-- REQUIREMENT --
Return all the data verbatim but without images.

-- PROVIDED DATA --
== == ==

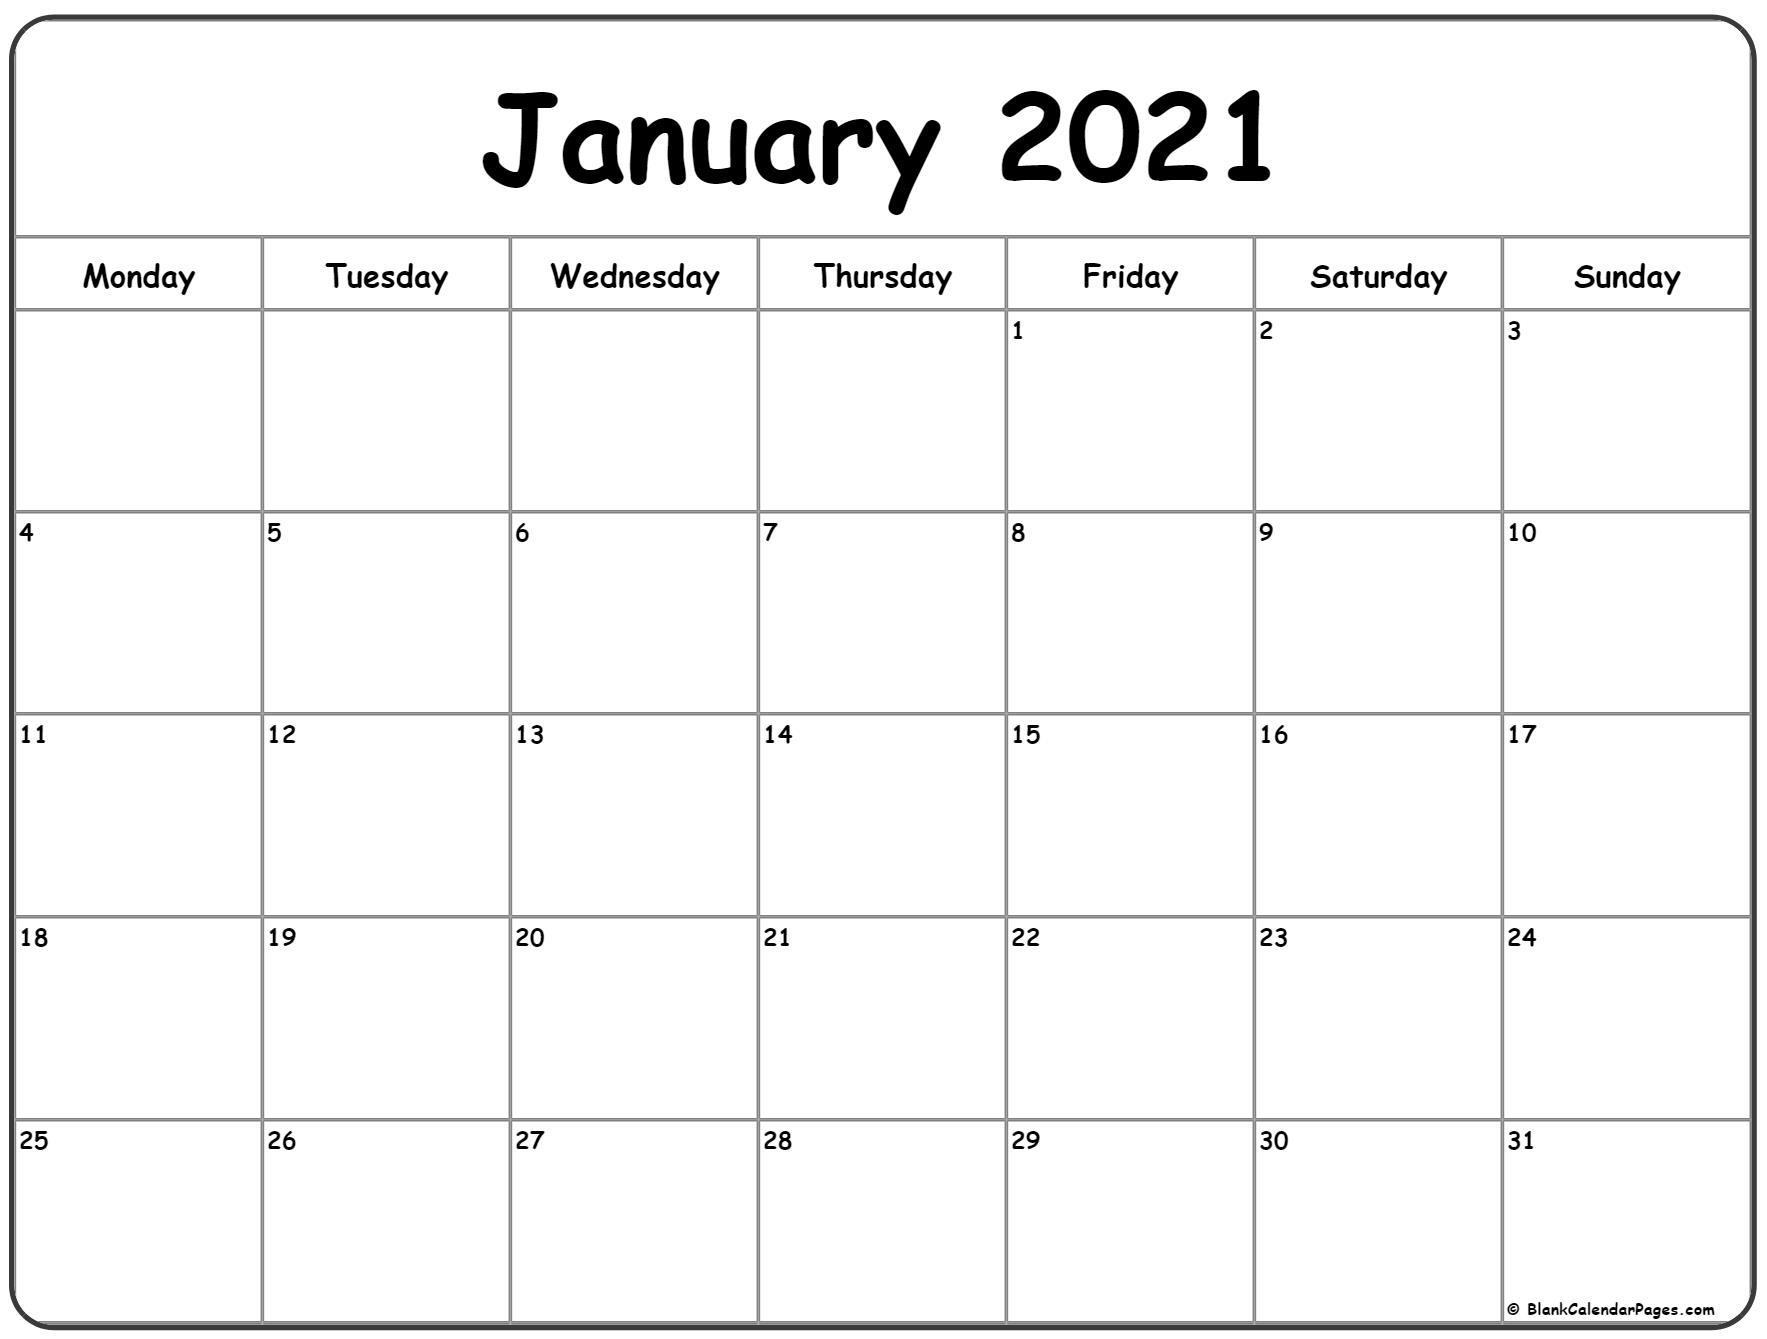 Catch Printable Monday To Sunday Calendar 2021
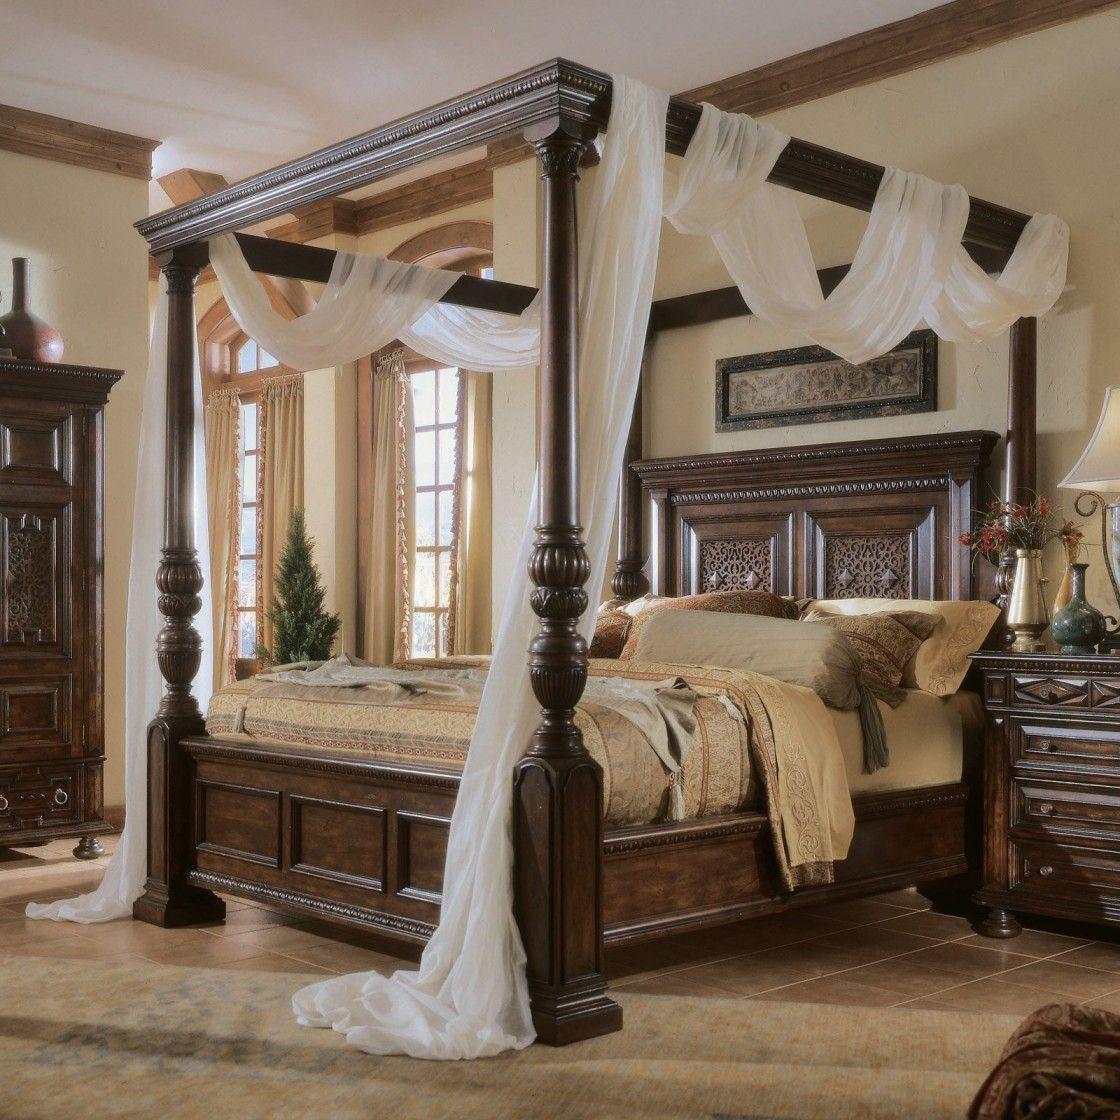 10 amazing diy canopy bed designs 10 amazing diy canopy
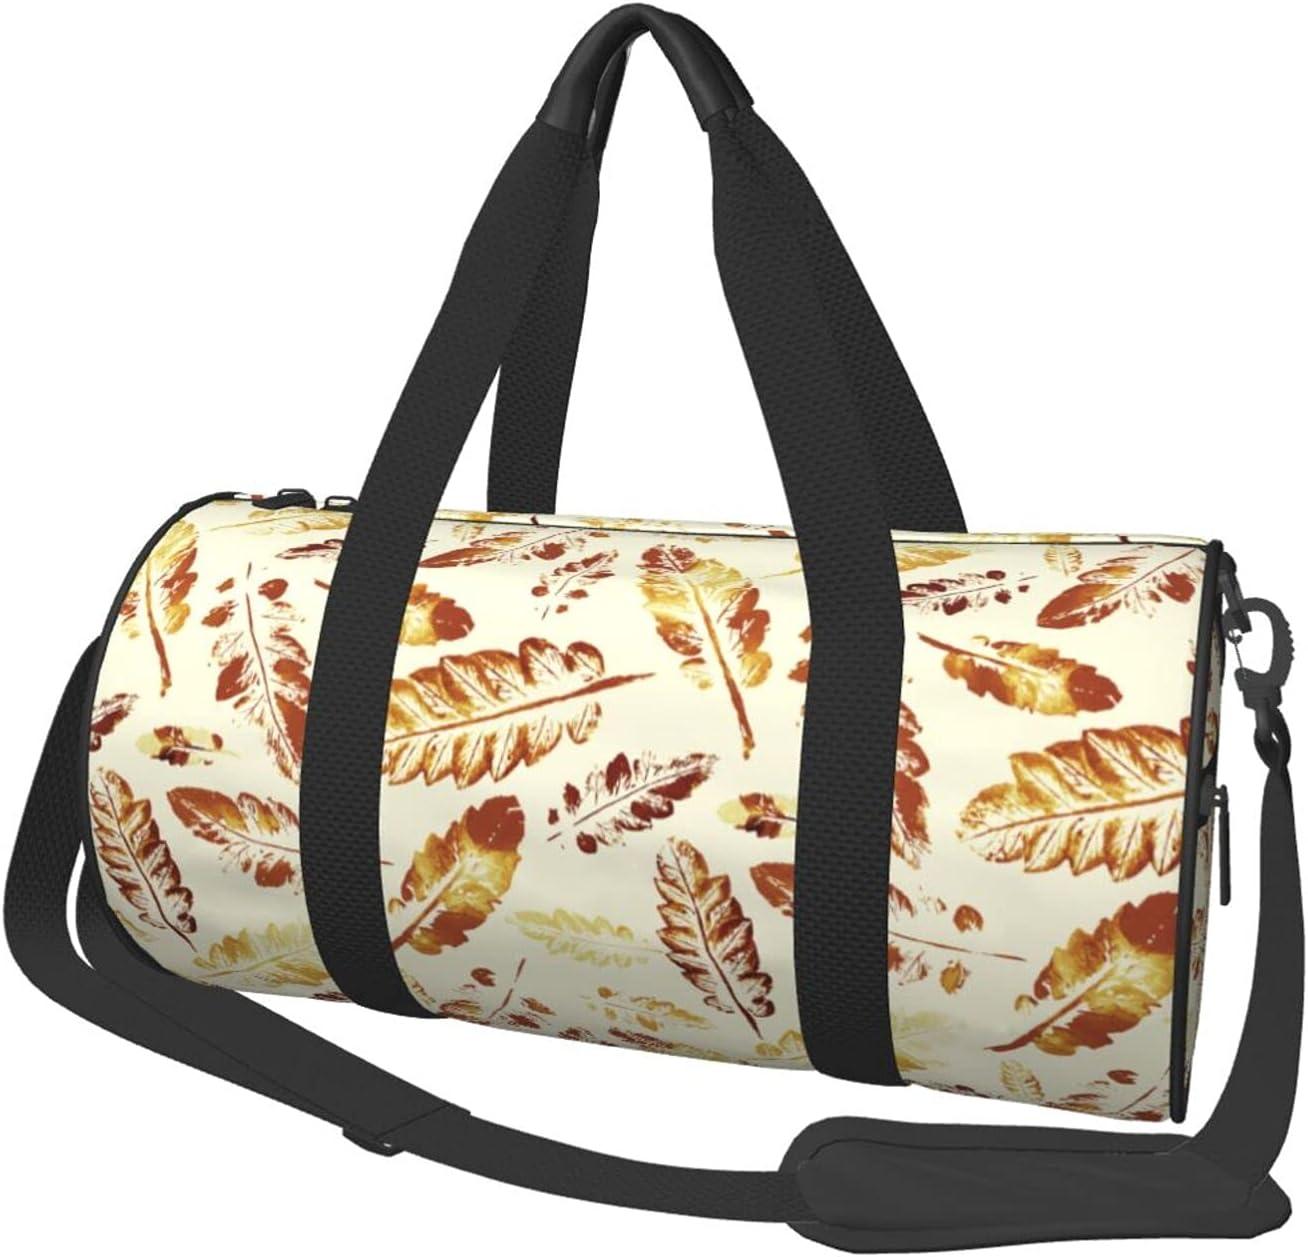 Fredeulva Max 41% OFF Autumn Watercolor Leaves Time sale Duffel Shoulder Canvas Bag Ro

== == ==

-- RESULT OF THE EXERCISE --
 Catch Printable Monday To Sunday Calendar 2021
 10 amazing diy canopy bed designs 10 amazing diy canopy
 Fredeulva Max 41% OFF Autumn Watercolor Leaves Time sale Duffel Shoulder Canvas Bag Ro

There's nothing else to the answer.